I nostri idoli sono Shevcenko e Crespo ma ammiriamo anche altri campioni di altre squadre.
Il gioco del calcio è composto da due squadre di undici giocatori che si affrontano in campo. Ogni squadra deve cercare di mettere il pallone dentro la porta avversaria col piede o con la testa. Solo il portiere può prenderla con le mani. La partita è seguita da un arbitro che guarda che non ci siano scorrettezze in campo e decreta la fine dei tempi. Due guardalinee controllano le fasce laterali.

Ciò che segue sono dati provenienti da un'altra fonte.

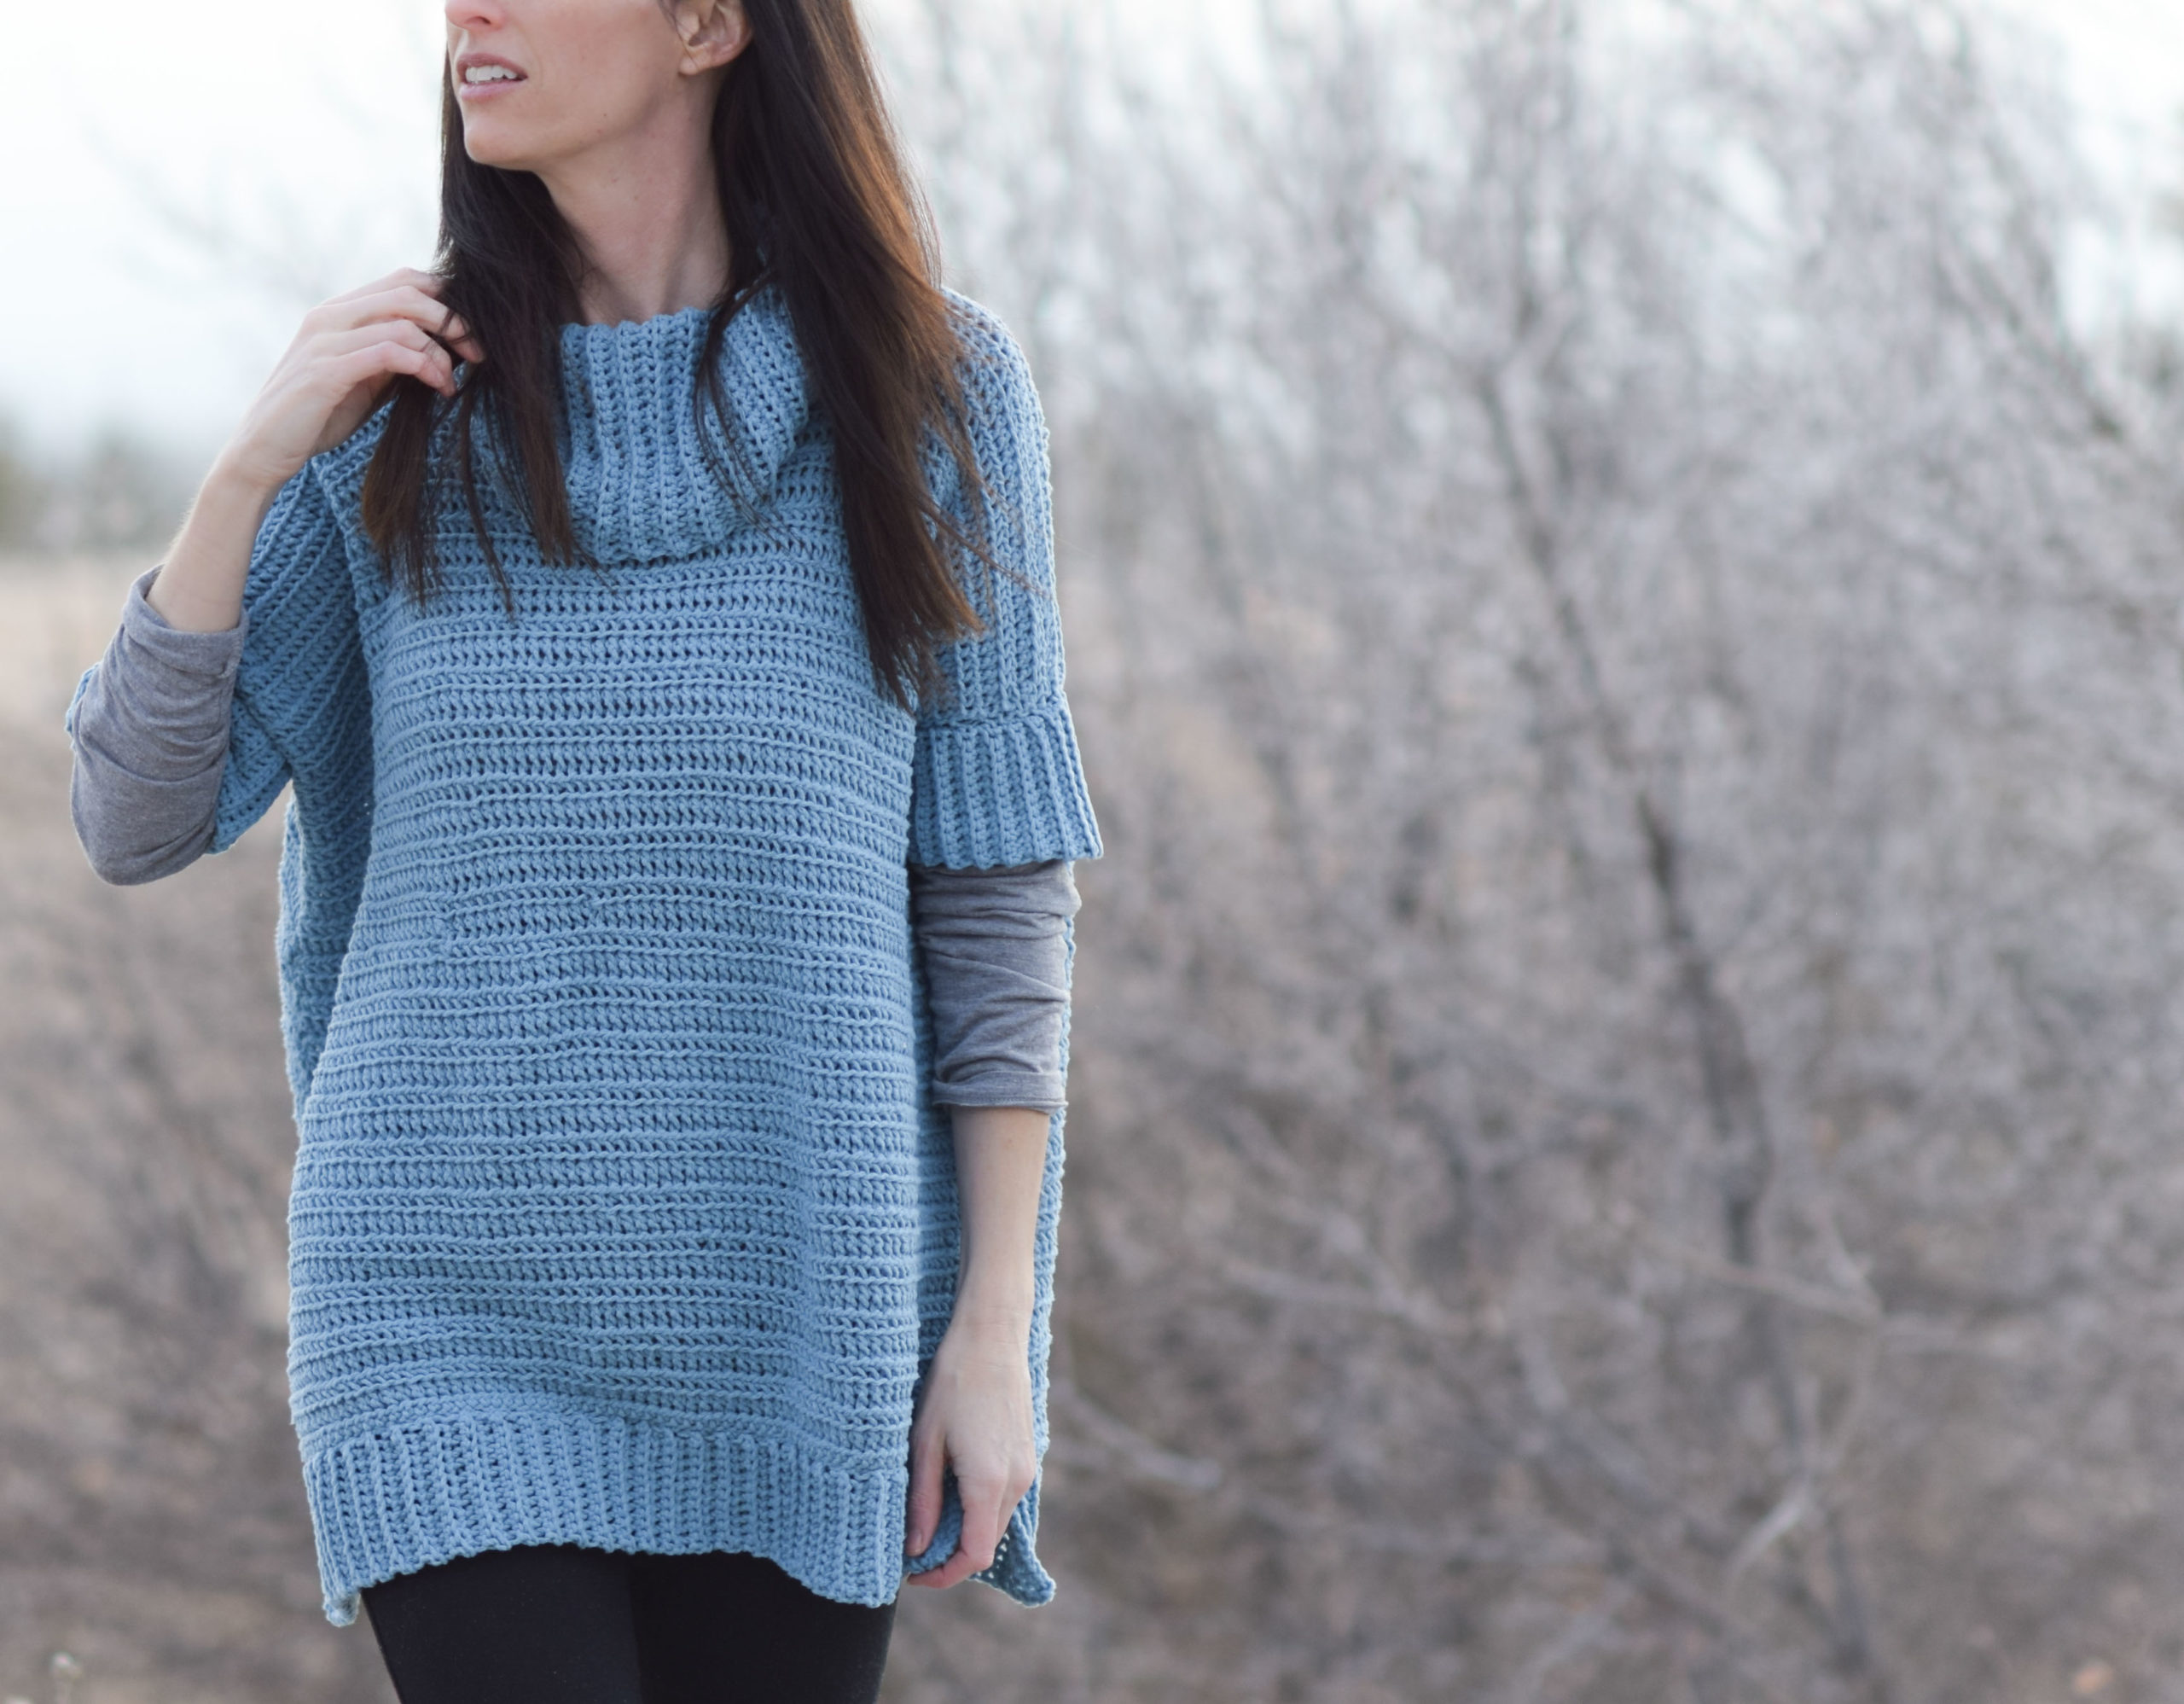 Side To Side Cowl Neck Sweater Pattern (Crochet) – Lion Brand Yarn

La partita è divisa in due tempi da quarantacinque minuti ciascuno. Alla fine del primo tempo l’arbitro fa due fischi mentre alla fine del secondo ne fa tre. In un campionato ci sono diverse serie :”A-B-C1-C2”.
La migliore è la A dove giocano i più grandi campioni .
Nel campionato di serie A ci sono diciotto squadre che cercano di diventare prime attraverso le vittorie. Un campionato comprende trentadue partite e la prima squadra classificata viene premiata con lo scudetto.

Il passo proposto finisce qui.